# Catfish float



## TClark (Apr 20, 2007)

Was at a lake the other day and a guy had this big long rod with a "straw float" and then a big long balsa float under that. He said the straw float keeps the bait from wrapping around your line/bobber on the cast.

Simple enough rig...my question is if a lake is like 20ft deep, how deep should one set the bobber stop? I'm talking a set up for flatheads with live bait.
Really want to catch my first ever flattie this year....size doesn't matter.


----------



## JimmyMac (Feb 18, 2011)

That is a typical rig used by paylake catfisherman, tends to be the best way to fish them. If I were to fish a 20ft deep lake I'd rig for bottom, for whatever reason that type of rig never produces for me in normal lakes. Haven't fished a pay lake since I was a teen but I got friends who do nothing else, 99% of the guys fish that rig and its what I used at paylakes. I think one of the main reasons for its popularity at paypakes is for "marking your spot" as to avoid getting lines crossed while fishing elbow to elbow... 

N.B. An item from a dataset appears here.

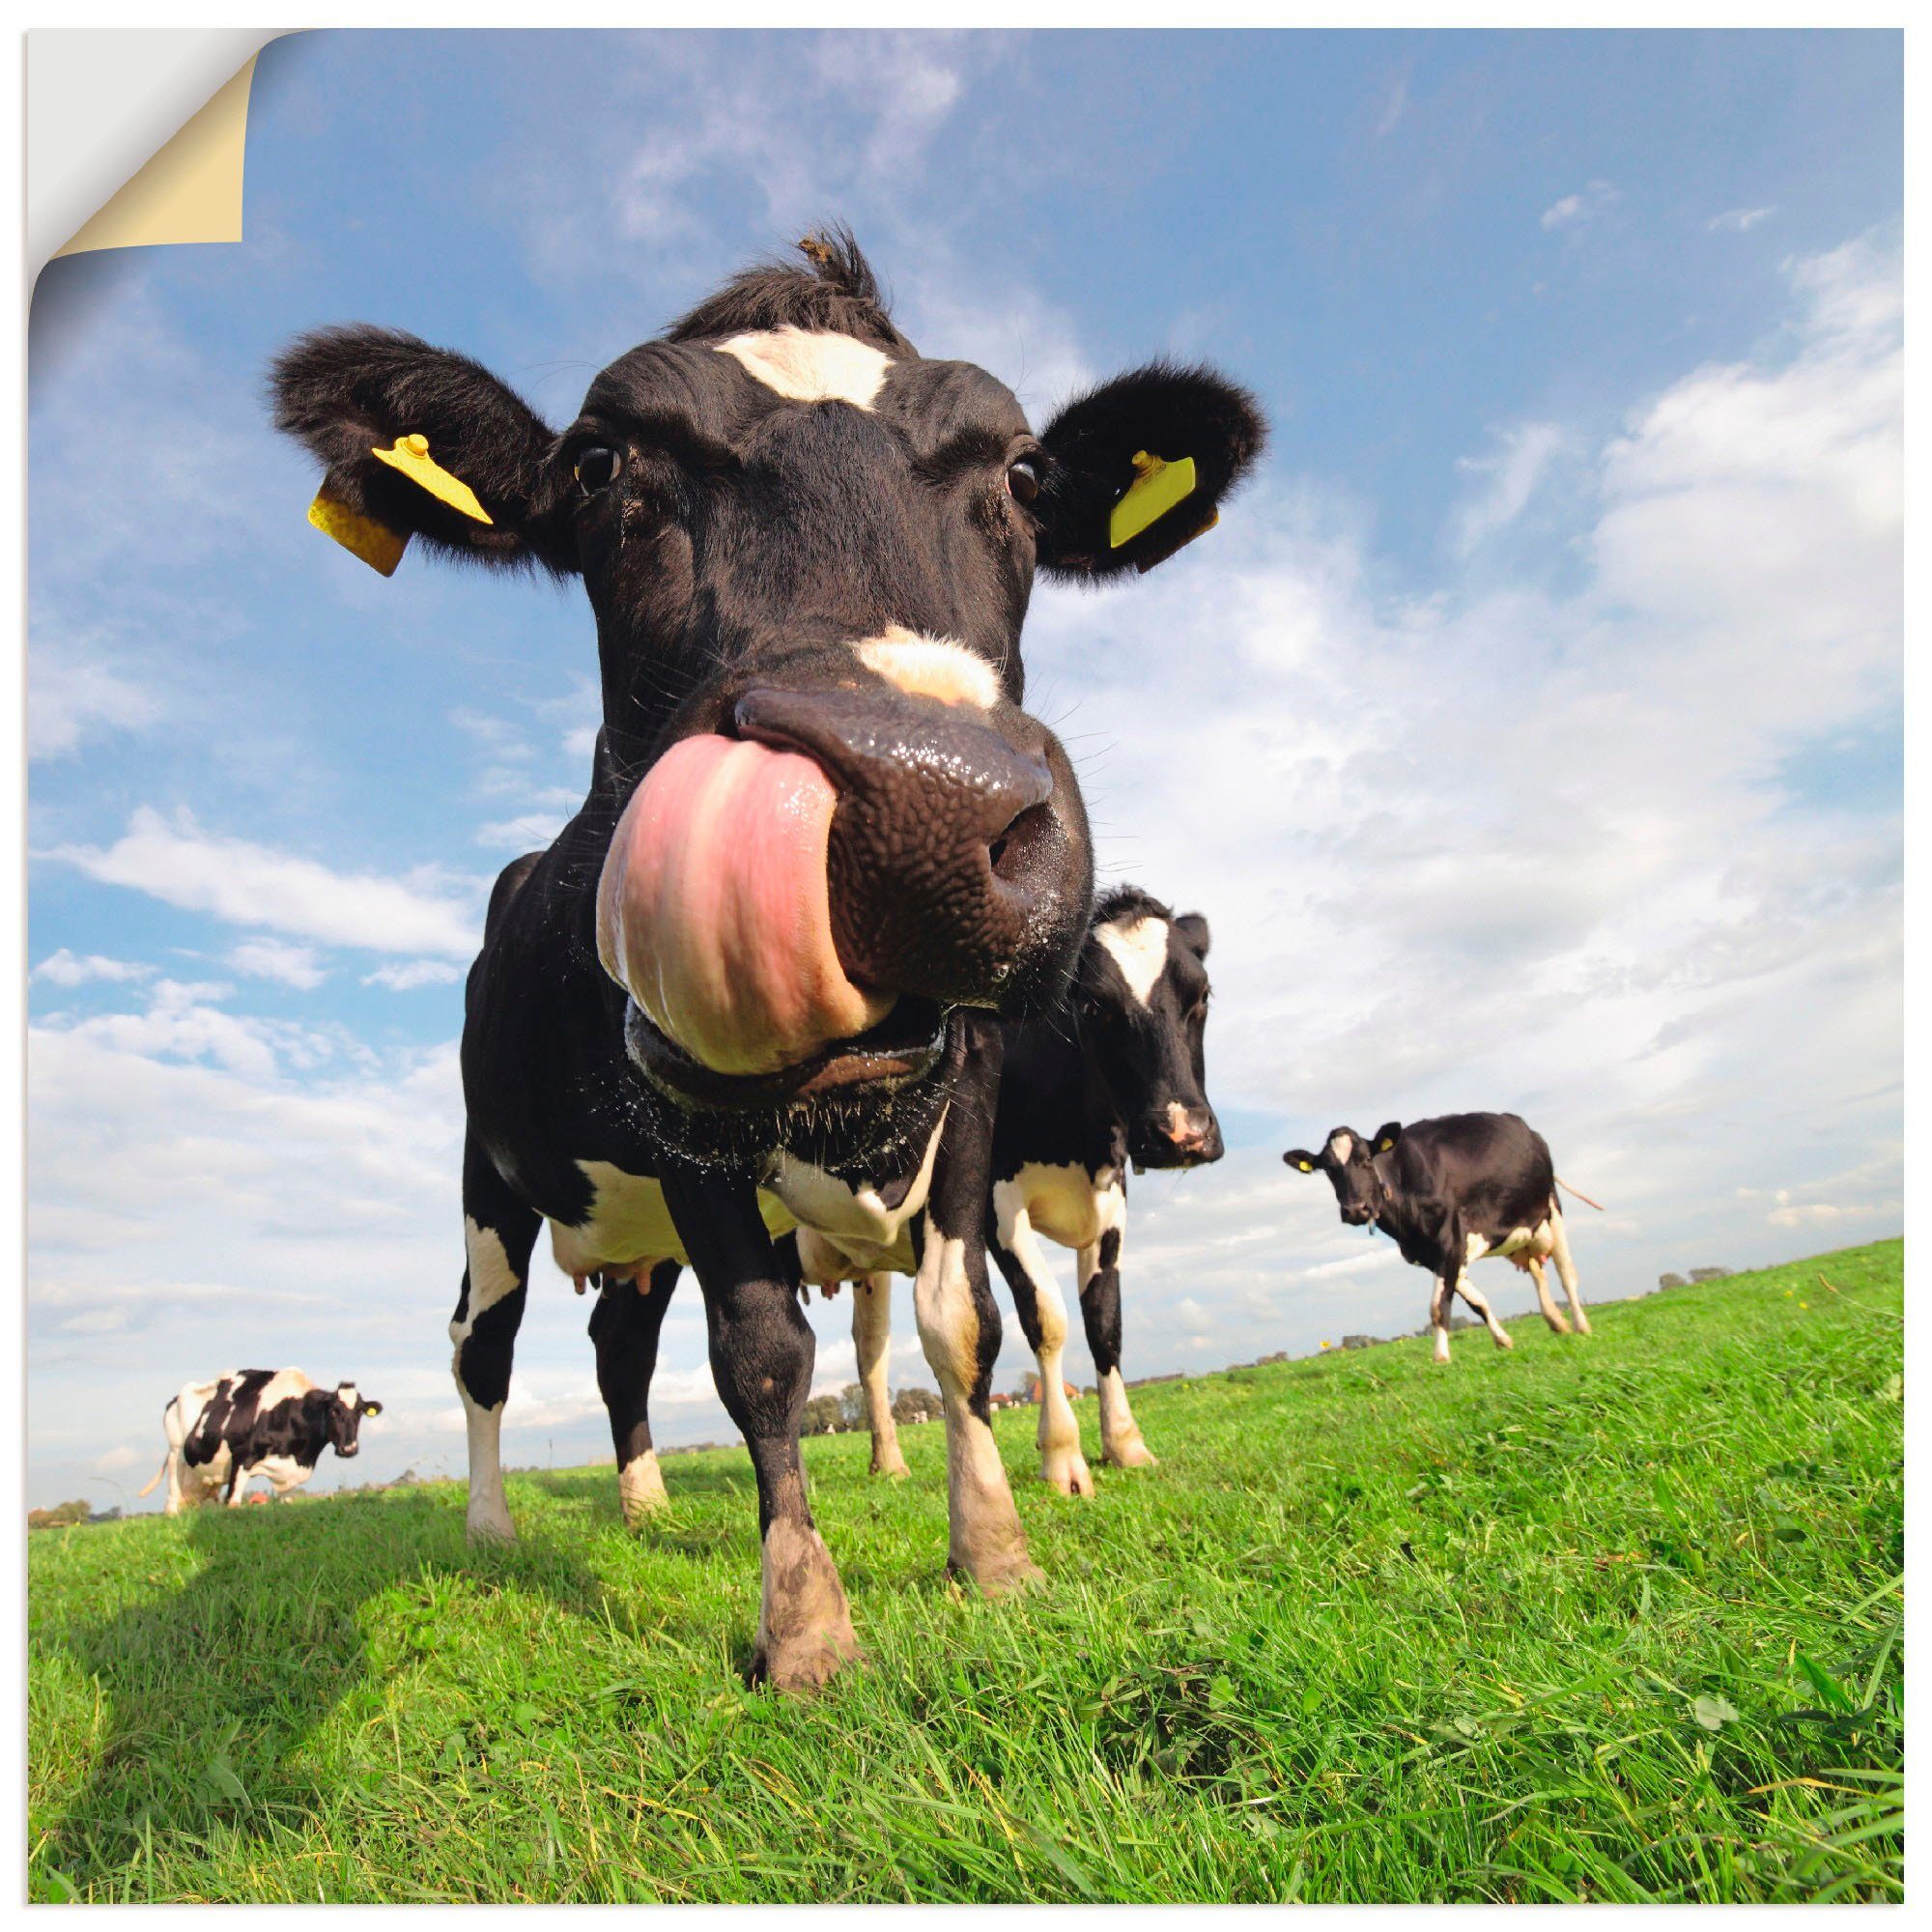 Artland Artprint Holstein-koe met enorme tong in vele afmetingen & productsoorten - artprint van aluminium / artprint voor buiten, artprint op linnen, poster, muursticker / wandfol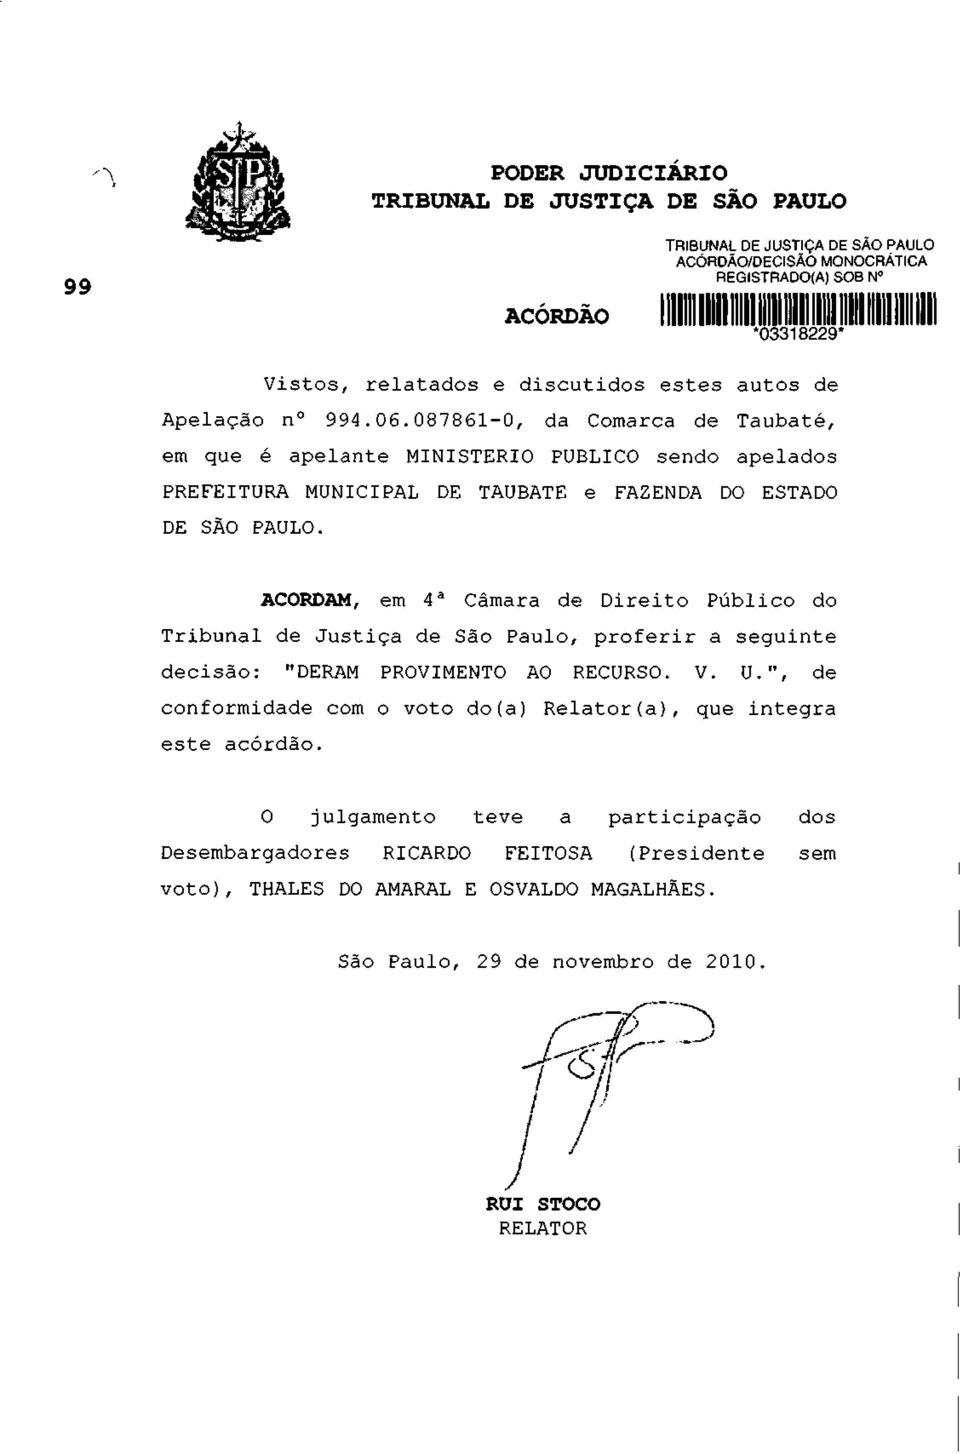 087861-0, da Comarca de Taubaté, em que é apelante MINISTÉRIO PUBLICO sendo apelados PREFEITURA MUNICIPAL DE TAUBATE e FAZENDA DO ESTADO DE SÃO PAULO.

If you intend on using that rig, fishing 20ft of water, I'd say try to get your bait about a foot or so off the bottom. Take your leader line into consideration when adjusting your depth. Personally I like targeting shallower water for flathead at night, finding structure to fish near. 

I'm sure some of the veteran catmen will chime in on this, good luck.


----------



## mastercatman (Jan 30, 2005)

The only time I ever fish that deep for anything is in rivers or fall and winter on the lakes. Reason being...lakes will stratify and most of the better oxygen will be found in the upper 15' of the water column mid spring through early fall. This can and will vary depending on the individual lakes and whether or not there are springs/underwater current etc. Fish and their prey will congregate where the best food and oxygen are present relative to structures/shallow water/deep water. In my experience, you will do better consistently in shallower areas. The float game is a bit of a mystery to me yet. I agree with bottom rigging or using the float as an indicator to a bottom rig like I do from time to time. Using a float can help keep a 3 way rig upright and keep baits just off the bottom. You will know a lot of times when there is not enough oxygen where you are fishing when baits die too quickly when hooked and handled properly otherwise. Good luck!


----------